Let us begin with the paucity of the Ottoman linguistic legacy. At one time, there was a considerable penetration of Ottoman Turkish into the various languages; for example, Turkish words accounted for one-sixth of all Rumanian vocabulary during the pre-independence nineteenth century. Today, however, just a few words survive although, generally, somewhat more Turkish elements persist in other Balkan languages, including Greek, Serbo-Croatian, and Bulgarian. In the former Anatolian and Arab provinces, relatively little of the Ottoman language survives and it is vanishing quickly. Part of the explanation lies in the size and character of the Ottoman literary elite that was both small and mainly Muslim. Hence, when the successor states launched their literacy drives after gaining independence, they were working mainly with an illiterate populace and thus had few existing literary conventions to overcome. In the Balkan provinces, moreover, the Ottoman administrative elites fled with the success of the breakaway movements, leaving few living links to the Ottoman literary heritage. These features, however, only partially explain the absence of an Ottoman linguistic heritage. We also must consider that all of the post-Ottoman regimes launched linguistic purges, that were sustained efforts to eliminate Ottoman usages from the emerging national languages of the successor states. Hence Turkish governmental programs eliminated the Arabic and Persian words (more than 50 percent of the total) that had crept into Ottoman while the Syrian and Bulgarian states – otherwise so different – respectively erased Turkish words from Arabic and Bulgarian.

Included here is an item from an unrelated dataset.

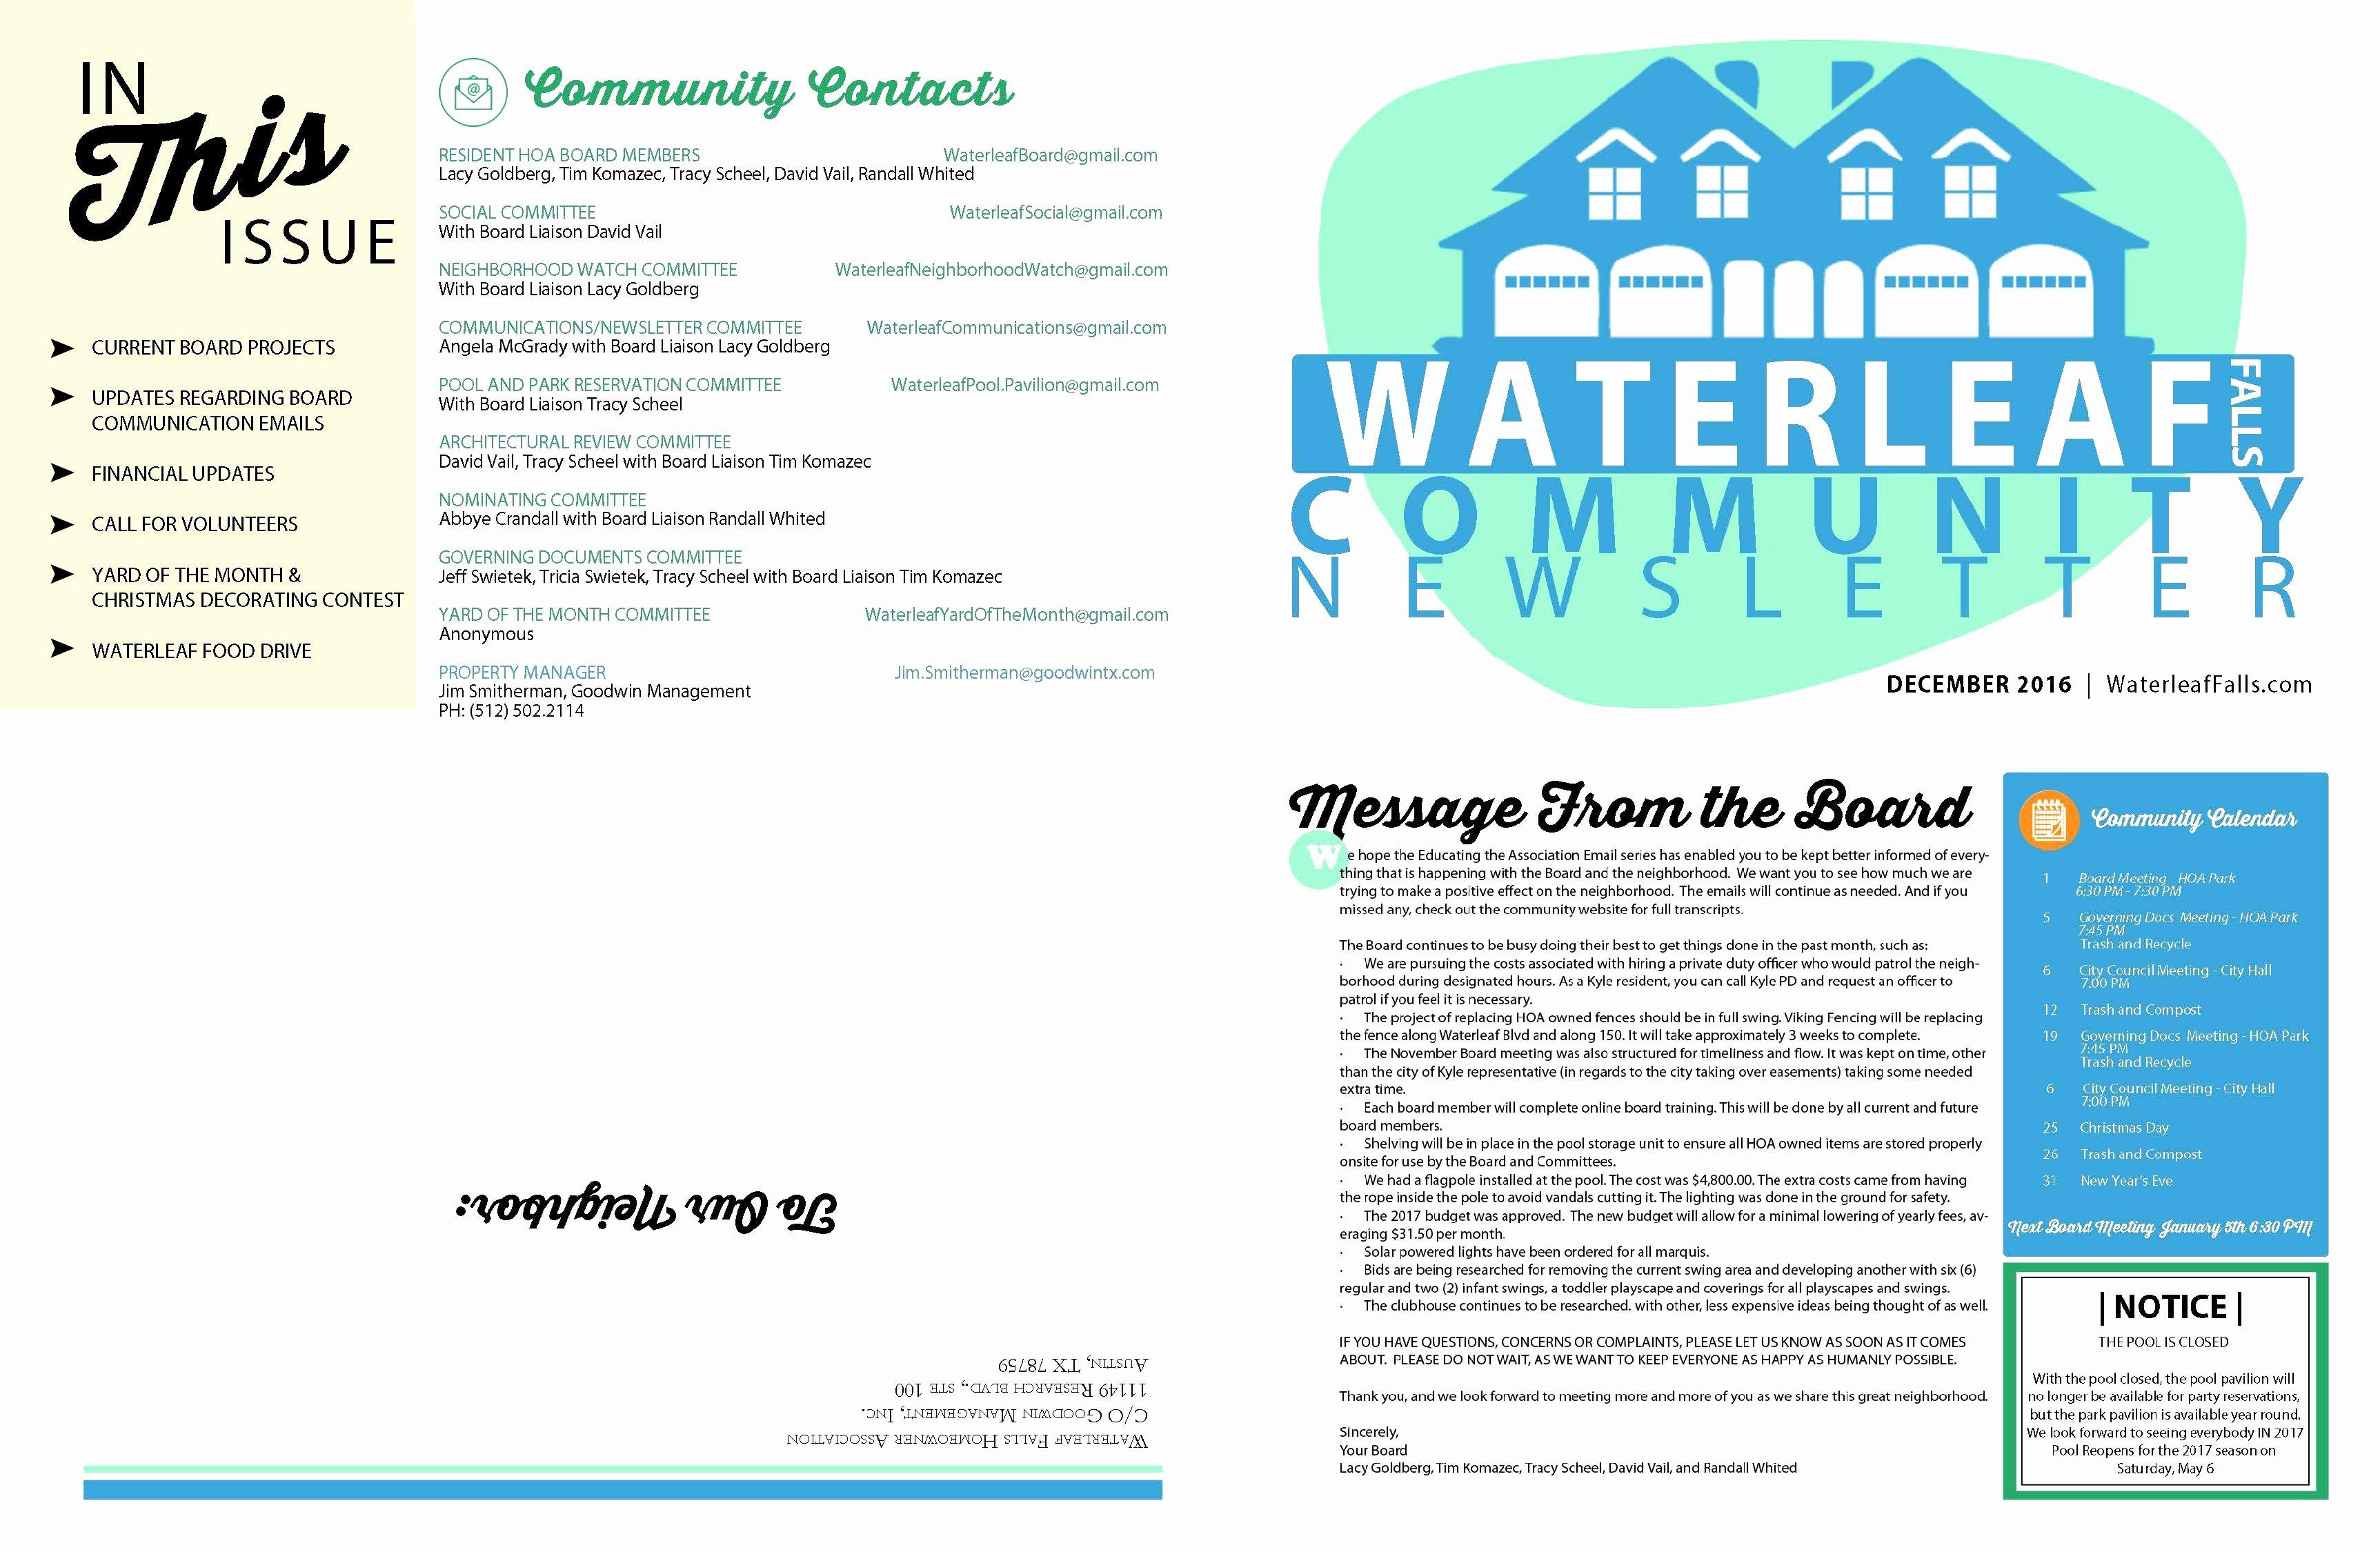 Homeowners association Newsletter Template Best Of Homeowners association Newsletter Template Epp Acpfo
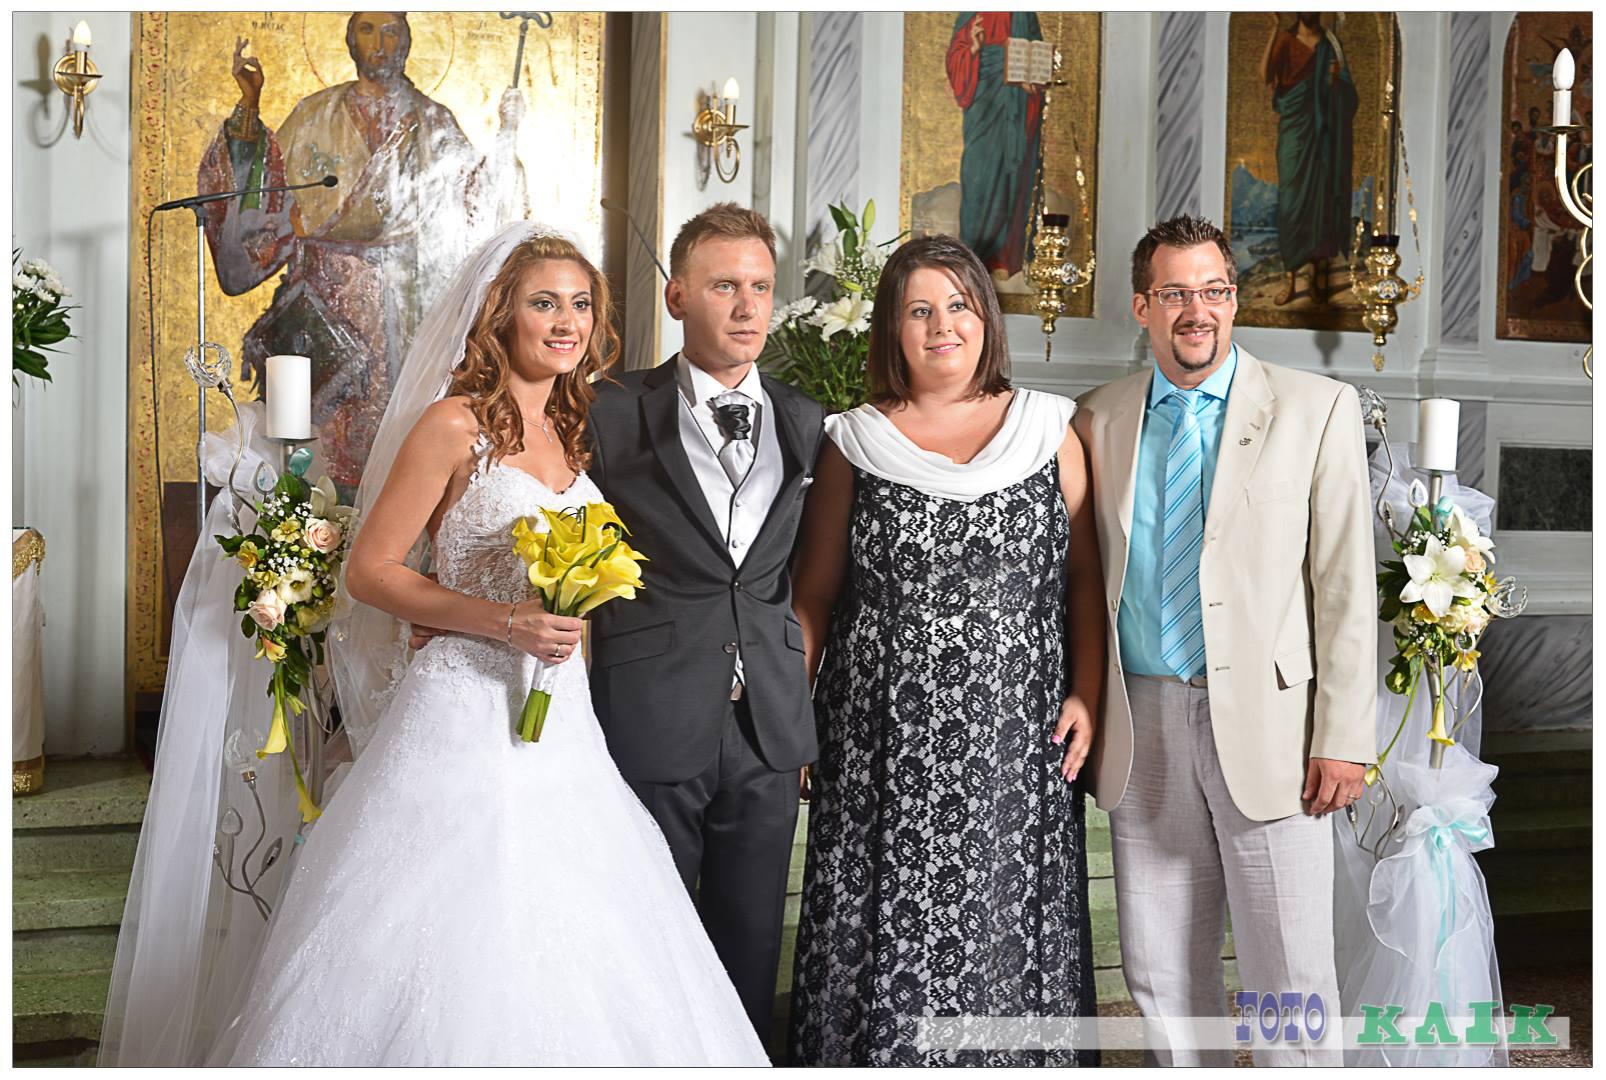 0a219661bd3d Ένας απόλυτα ρομαντικός φθινοπωρινός γάμος για τη Γεωργία και τον ...

The linguistic purges derived from negative views that policy-makers in almost all of the successor states held of the Ottoman past, a function of their determination to fully expunge Ottoman elements from the national identities they were creating. That is, the hostility owes less to actual Ottoman policies in the past and more to the post-Ottoman history of these countries, specifically, their state building processes. In all of the successor states – from Serbia to Bulgaria to Turkey to Syria and Iraq – vilification of the Ottoman past accompanied state formation. For each people, the Ottomans served as the “other” – what they were not – and as the suppressor of long-cherished “national” values that had been submerged during the long Ottoman centuries. Thus, the Balkan, Arab, and Anatolian successor states for decades rejected the Ottoman legacy in their respective quests for identity in the post-Ottoman era. Here, it is important to consider that the imperial system being rejected died quite recently, just over seventy-five years ago. Hence, the process we are observing is very much in a state of flux.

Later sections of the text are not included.